From restaurant take-out menus to soda supplies in vending machines to disabled security features on networked printers, your third-party relationships might be trying to attack you. And no, it’s not science fiction.
If you are browsing around the IT security groups on Google + or elsewhere on the web, you are well familiar with the renewed urgency around third-party vendors and IT security.
Target’s massive and sustained data breach has dominated the headlines with stories about its HVAC vendor ignoring phishing attempts and providing attackers access to the retail giant’s customer data, but according to Nicole Perlroth in a New York Times technology story last week, third-parties elements—like vendors or peripheral technology like printers, building systems, or surveillance cameras —are providing avenue after avenue for attacks on sensitive customer data, trade secrets, and employee files. And it’s a situation made all the worse by a lack of understanding or attention to the interconnectedness of networked systems, network access, and under-the-radar security vulnerabilities created by the interactions of all these elements.

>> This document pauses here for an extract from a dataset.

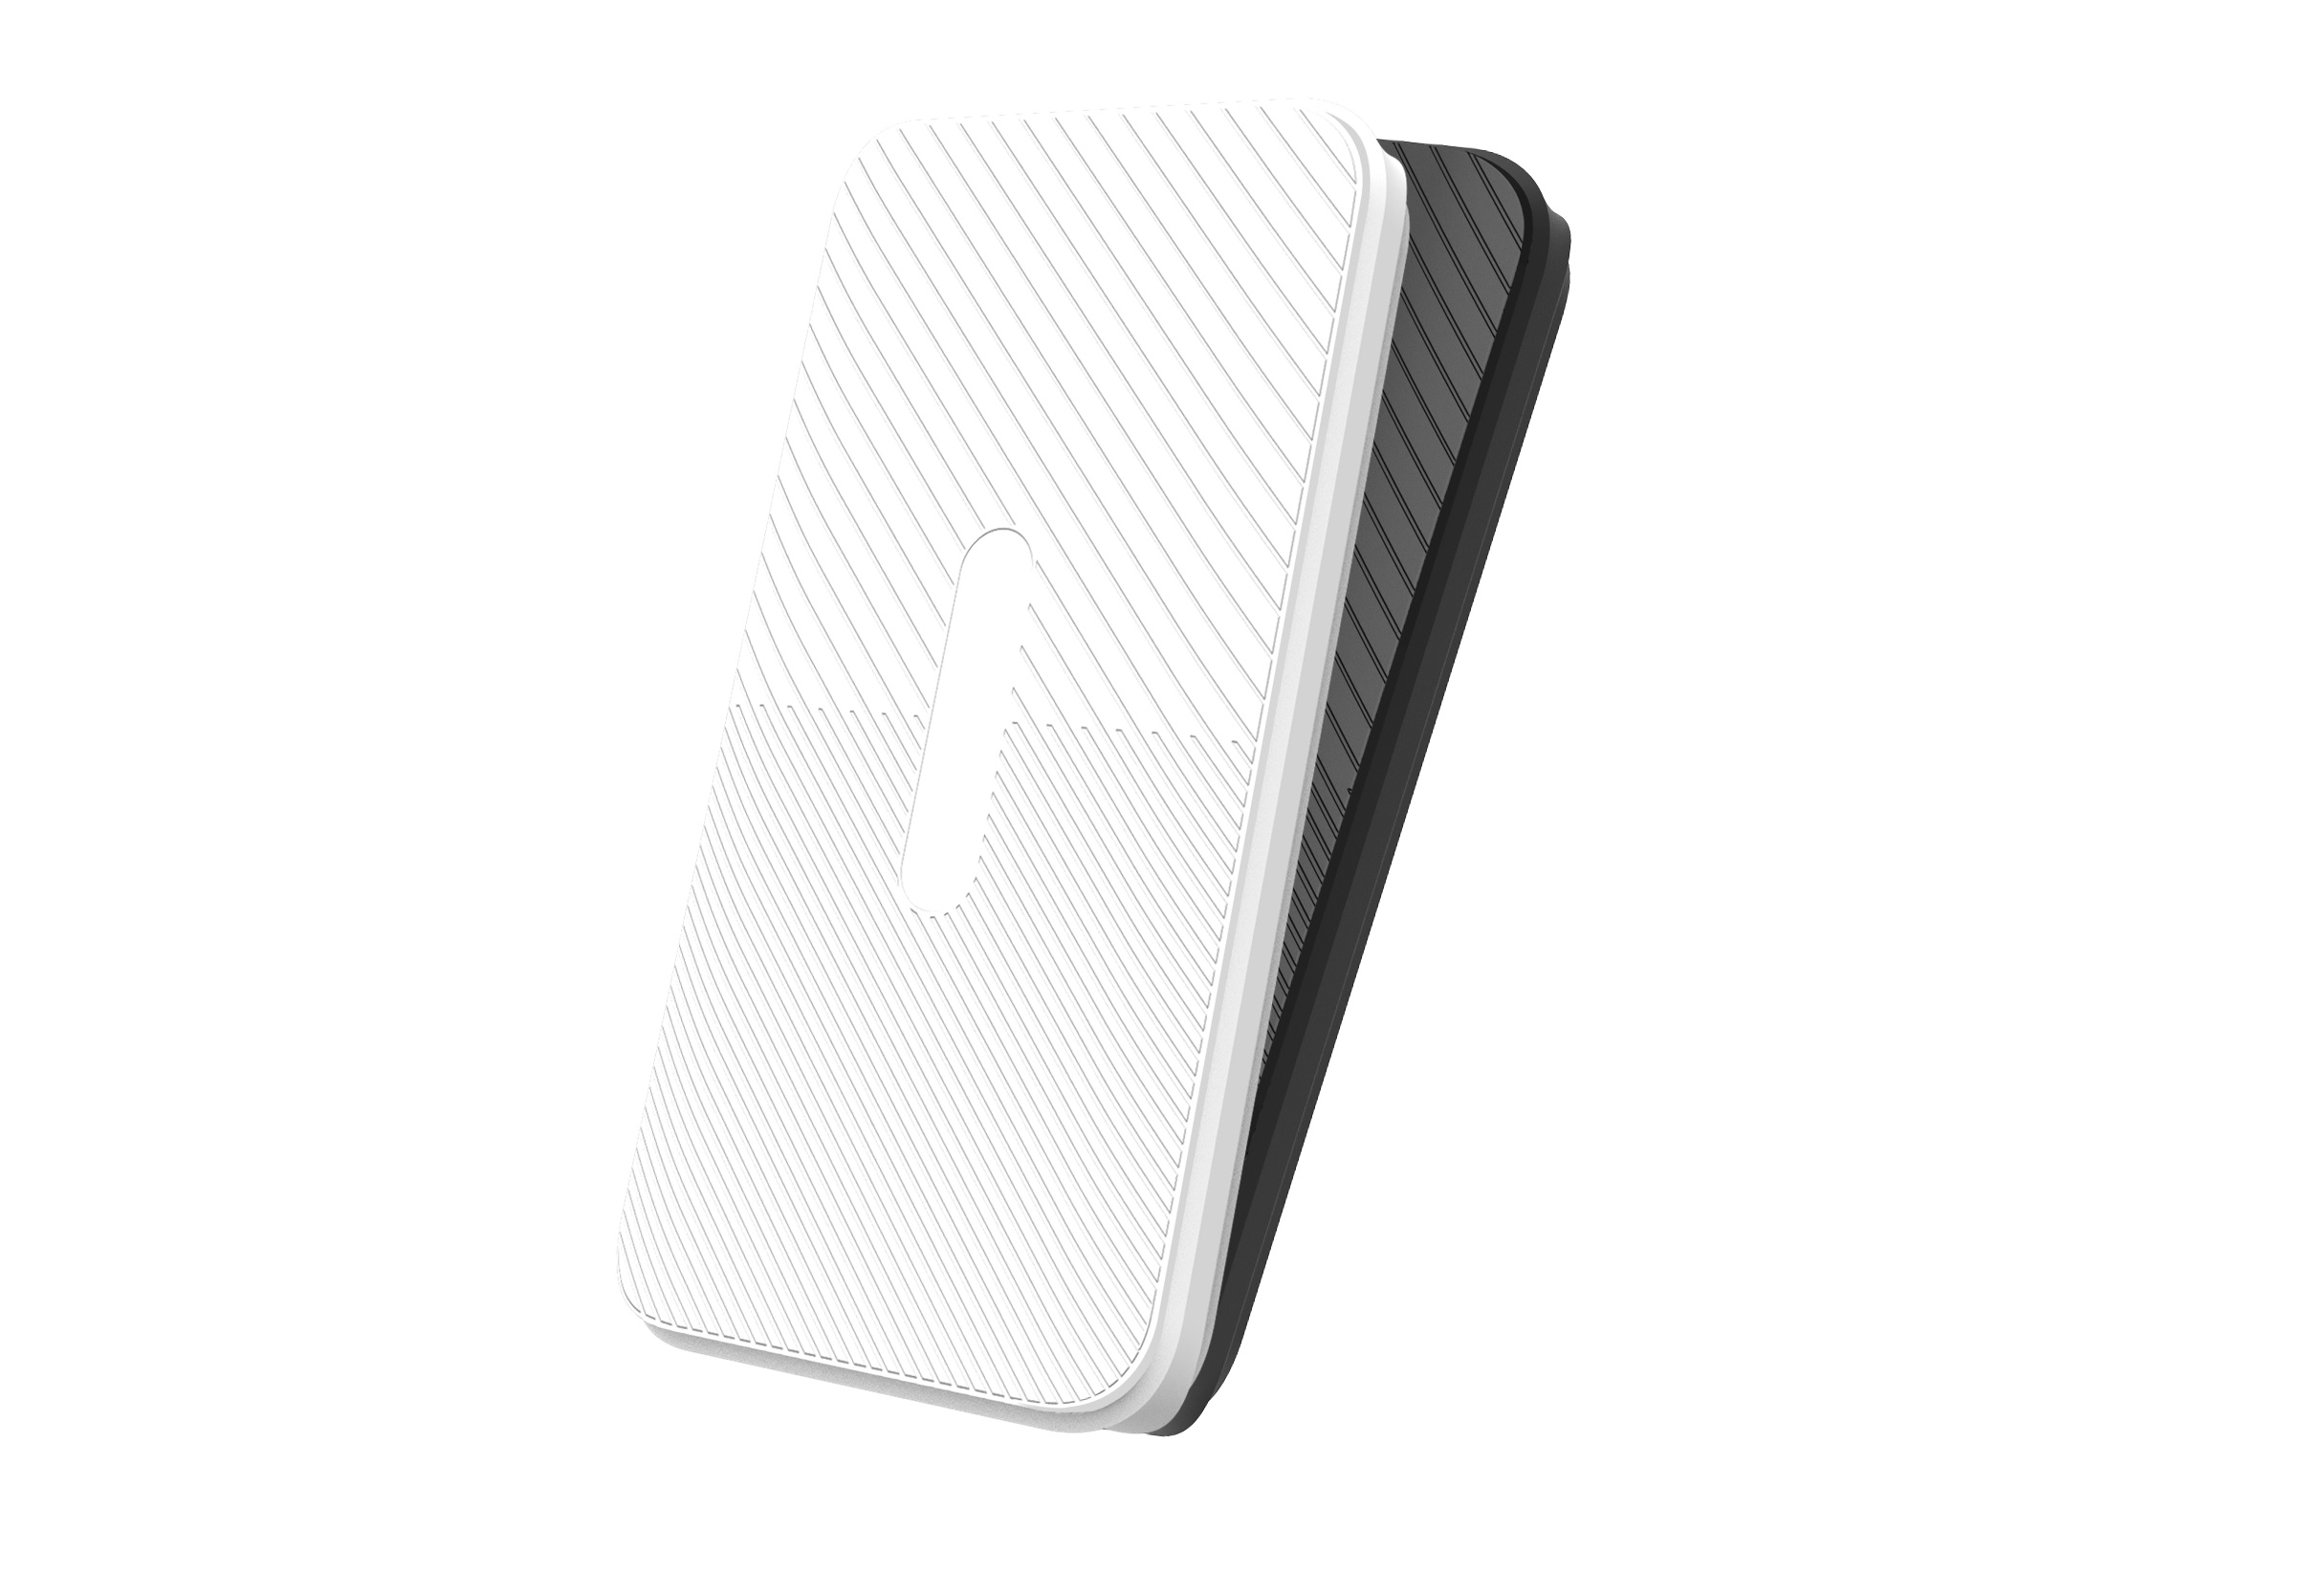 power bank with a capacity of 10000mAh
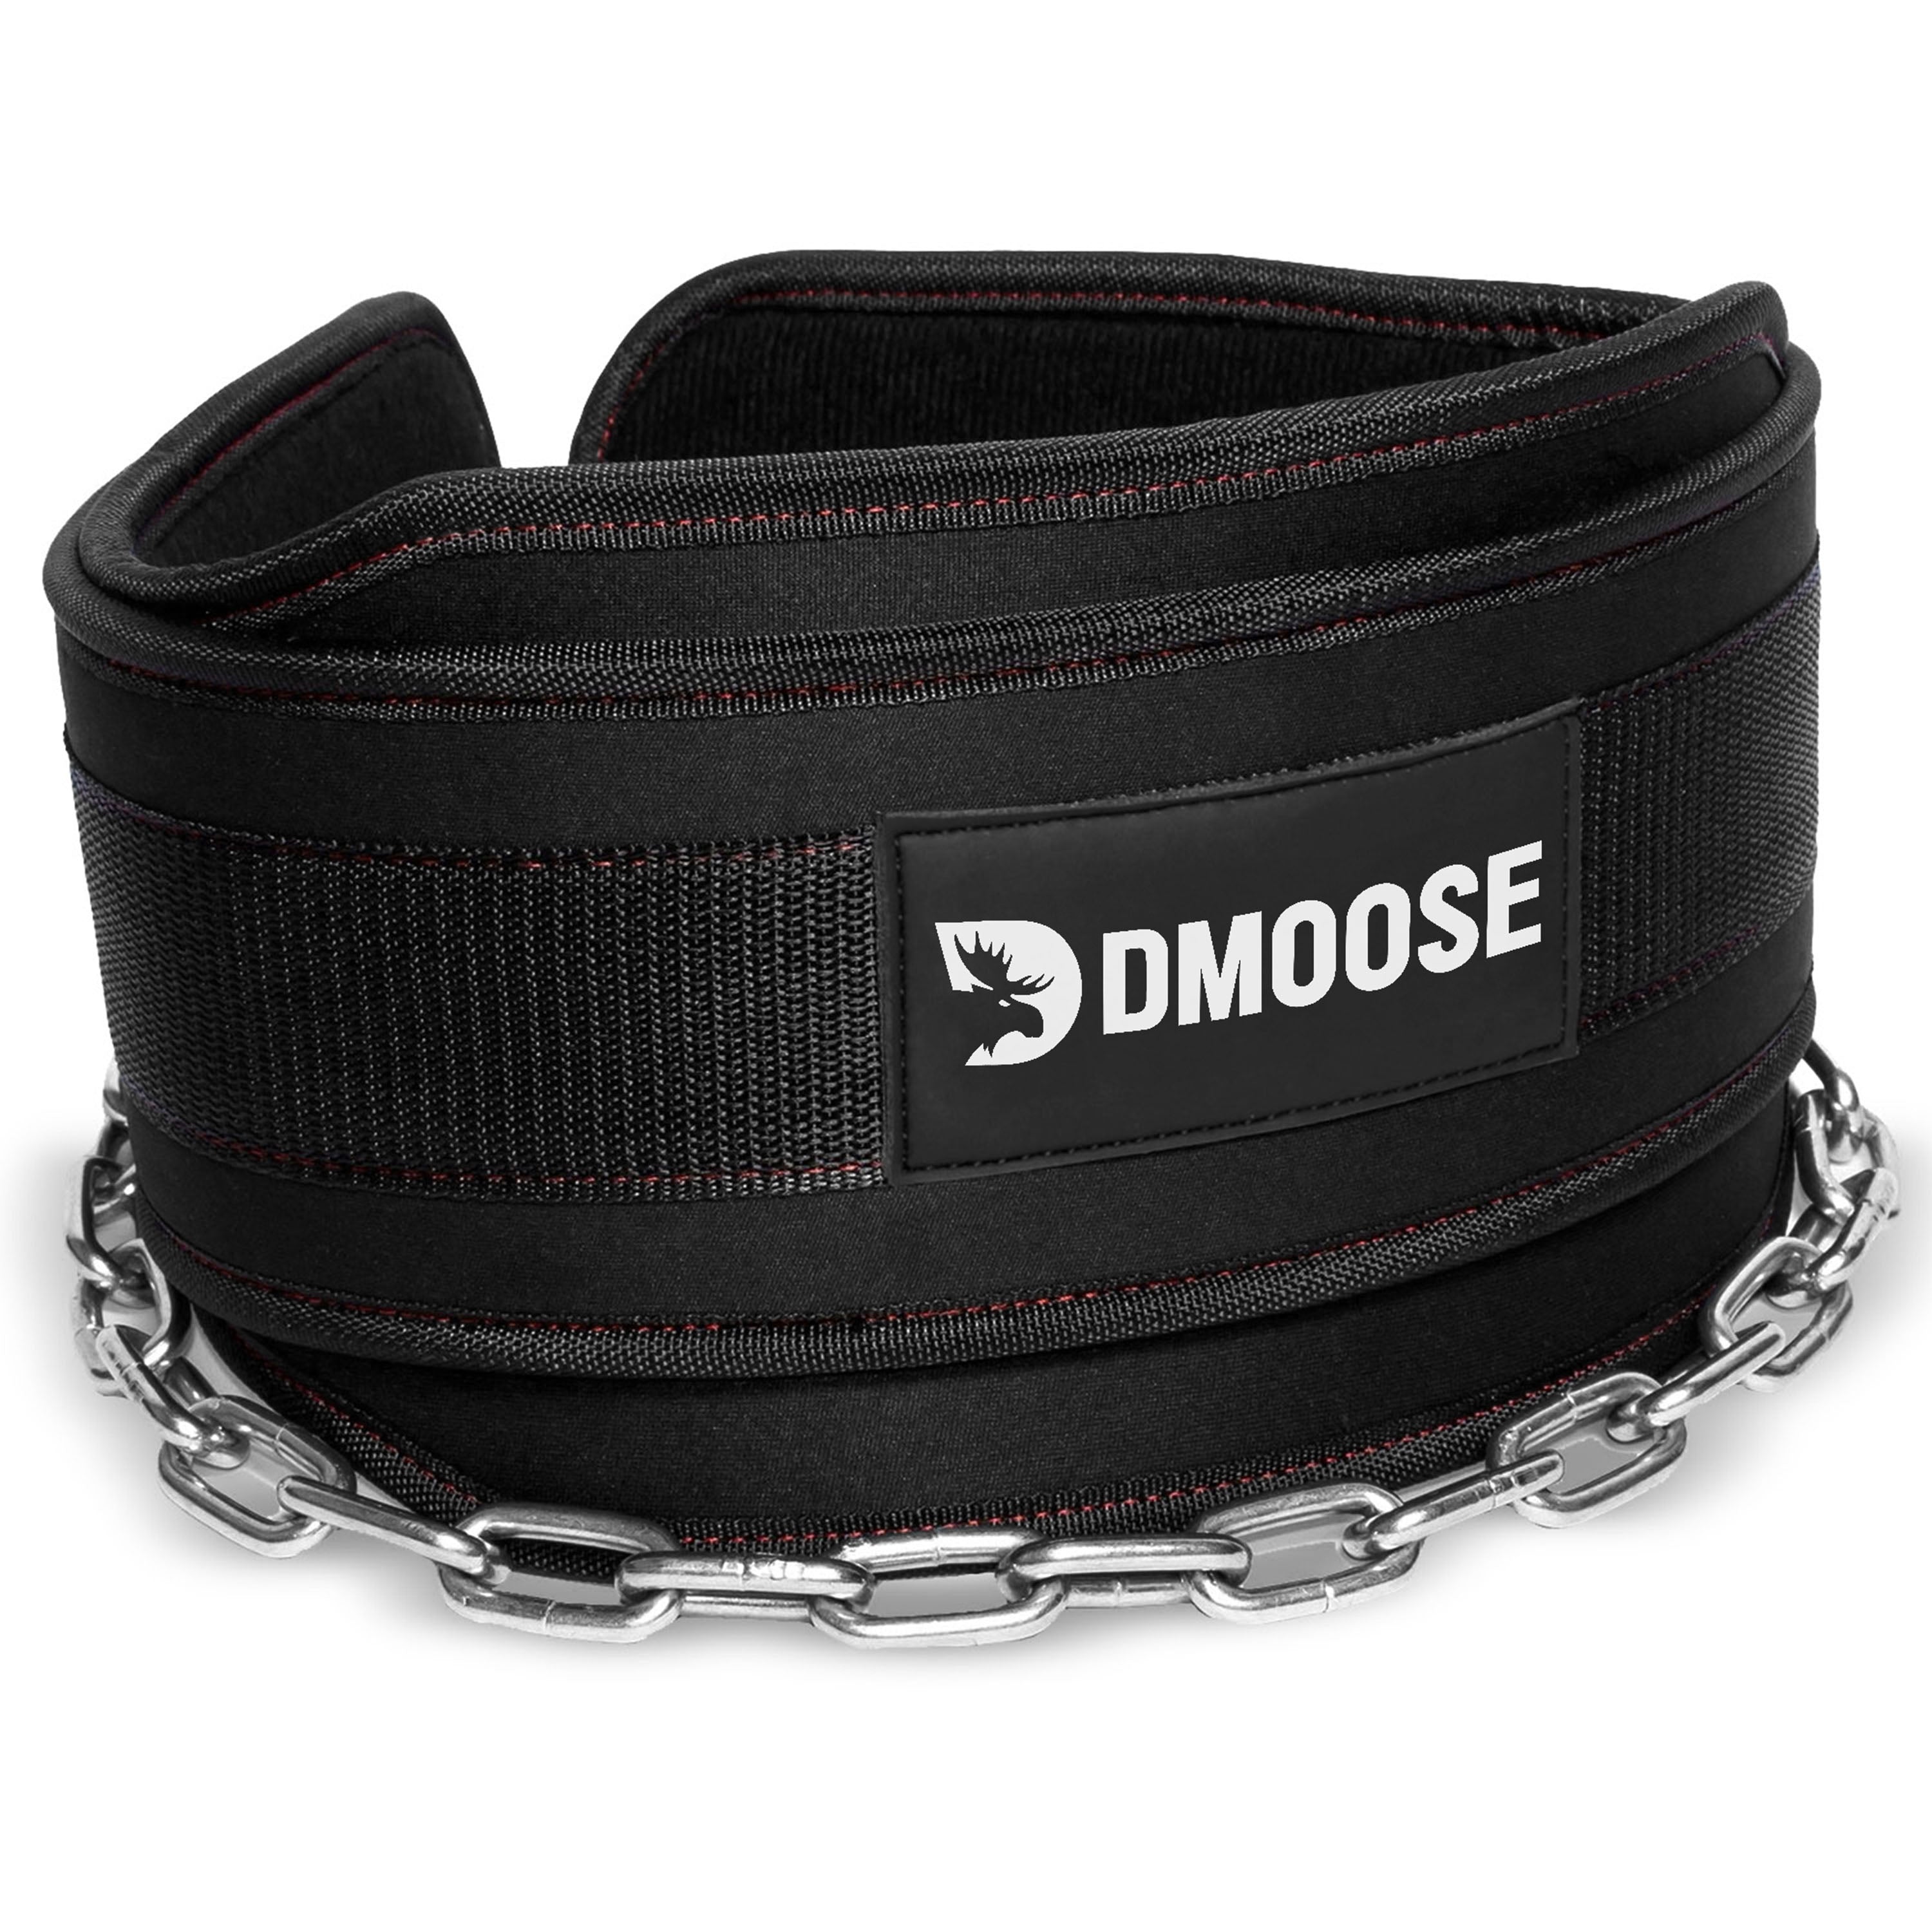 Dip Belt With Chain

Perlroth relates the example of attackers being foiled in their attempts to break into the network of a large energy company, but then accessing the company’s data by installing malware in a nearby restaurant’s online lunch menu that the energy company’s employees frequently accessed.
According to the Times story, this back-back-door vulnerability can be found in devices like printers, projectors, security cameras, vending machines, HVAC systems, lighting controls, and so on—basically anything that is digitally connected and controlled, whether for inventory management, building management, or whatever. And these vulnerabilities are often worsened by older operating systems such as Windows XP, which is no longer supported. Even a business that is diligent about its own security and system updates can easily fall prey to the absence of updating and security measures by its third-party relationships.
Frank Cummings, the CEO of AML Partners, LLC, has been developing risk assessments and risk mitigation tools for more than a decade, and he said that companies that neglect due diligence regarding these types of risk are making themselves—and their customers—incredibly vulnerable to cyber attacks.
“Businesses must tackle their due-diligence responsibilities that exist in every phase of their enterprise. This includes vendor risk assessments, the ongoing tracking of vendor risk and vendor performance, the management and tracking of IT risk, and so on,” Cummings said. “In-depth risk assessments need to cover the IT integration aspects of or with third parties. Nothing can replace proper due diligence—you perform due diligence on your customers and on your employees, so why not on your vendors? They have now become the weakest link in enterprise risk management.”